You can use `run_entity.py` with `--do_train` to train an entity model and with `--do_eval` to evaluate an entity model.

A trianing command template is as follow:

```bash

python run_entity.py \

    --do_train --do_eval [--eval_test] \

    --learning_rate=1e-5 --task_learning_rate=5e-4 \

    --train_batch_size=16 \

    --context_window {0 | 100 | 300} \

    --task {ace05 | ace04 | scierc} \

    --data_dir {directory of preprocessed dataset} \

    --model {bert-base-uncased | albert-xxlarge-v1 | allenai/scibert_scivocab_uncased} \

    --output_dir {directory of output files}

```

Arguments:

* `--learning_rate`: the learning rate for BERT encoder parameters.
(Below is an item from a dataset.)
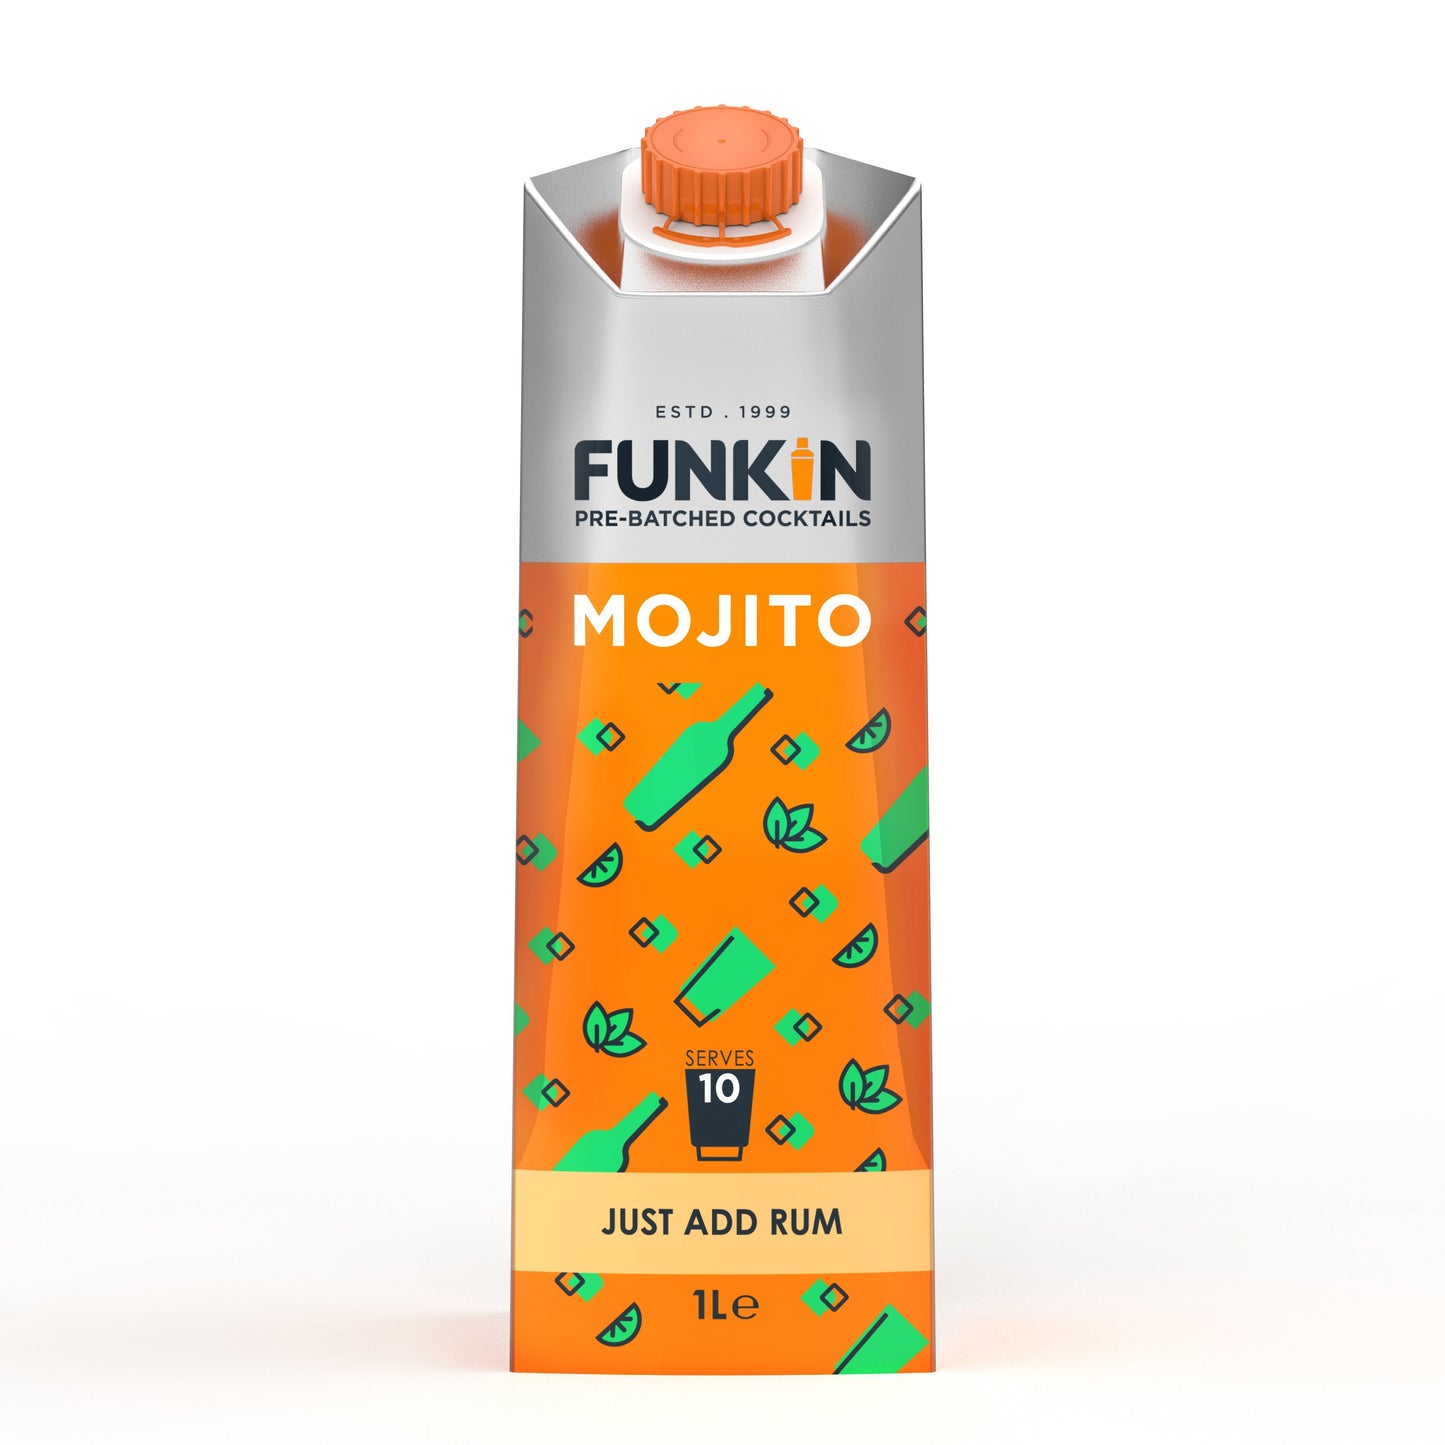 Funkin Mojito cocktail mixer

* `--task_learning_rate`: the learning rate for task-specific parameters, i.e., the classifier head after the encoder.

* `--context_window`: the context window size used in the model. `0` means using no contexts. In our cross-sentence entity experiments, we use `--context_window 300` for BERT models and SciBERT models and use `--context_window 100` for ALBERT models.
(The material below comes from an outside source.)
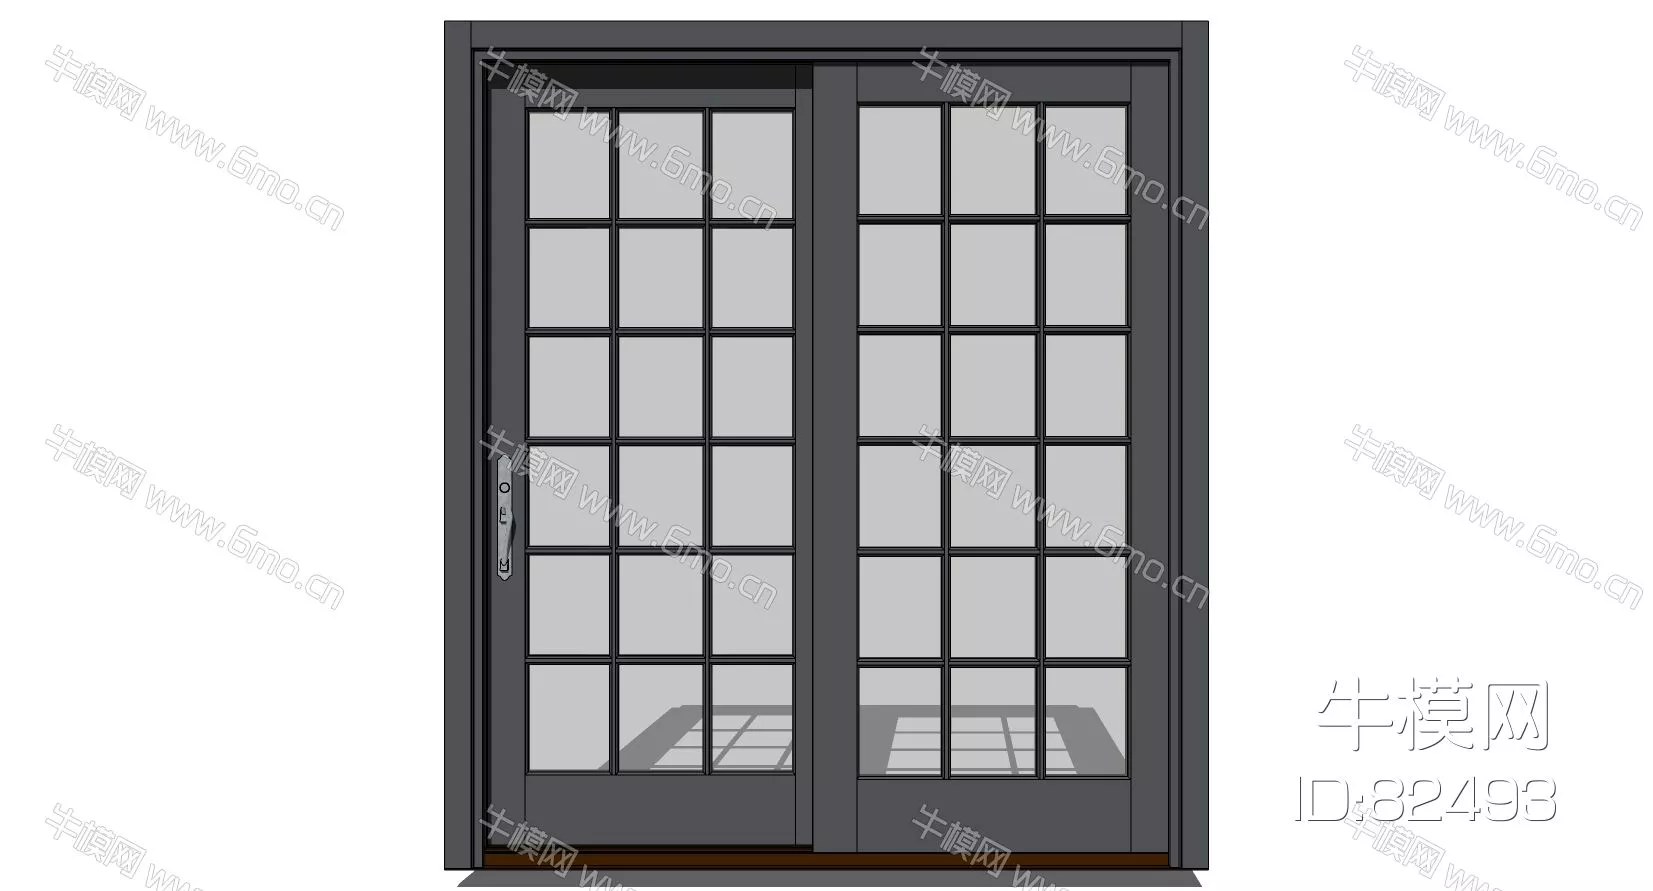 MINIMALIST DOOR AND WINDOWS - SKETCHUP 3D MODEL - ENSCAPE - 82493

* `--model`: the base transformer model. We use `bert-base-uncased` and `albert-xxlarge-v1` for ACE04/ACE05 and use `allenai/scibert_scivocab_uncased` for SciERC.

* `--eval_test`: whether evaluate on the test set or not.

The predictions of the entity model will be saved as a file (`ent_pred_dev.json`) in the `output_dir` directory. If you set `--eval_test`, the predictions (`ent_pred_test.json`) are on the test set. The prediction file of the entity model will be the input file of the relation model.

## Relation Model

### Input data format for the relation model

The input data format of the relation model is almost the same as that of the entity model, except that there is one more filed `."predicted_ner"` to store the predictions of the entity model.

```bash

{

  "doc_key": "CNN_ENG_20030306_083604.6",

  "sentences": [...],

  "ner": [...],

  "relations": [...],

  "predicted_ner": [

    [...],

    [...],

    [[26, 26, "LOC"], [14, 15, "PER"], ...],

    ...

  ]

}

```

### Train/evaluate the relation model:

You can use `run_relation.py` with `--do_train` to train a relation model and with `--do_eval` to evaluate a relation model. A trianing command template is as follow:

```bash

python run_relation.py \

  --task {ace05 | ace04 | scierc} \

  --do_train --train_file {path to the training json file of the dataset} \

  --do_eval [--eval_test] [--eval_with_gold] \

  --model {bert-base-uncased | albert-xxlarge-v1 | allenai/scibert_scivocab_uncased} \

  --do_lower_case \

  --train_batch_size 32 \

  --eval_batch_size 32 \

  --learning_rate 2e-5 \

  --num_train_epochs 10 \

  --context_window {0 | 100} \

  --max_seq_length {128 | 228} \

  --entity_output_dir {path to output files of the entity model} \

  --output_dir {directory of output files}

```

Aruguments:

* `--eval_with_gold`: whether evaluate the model with the gold entities provided.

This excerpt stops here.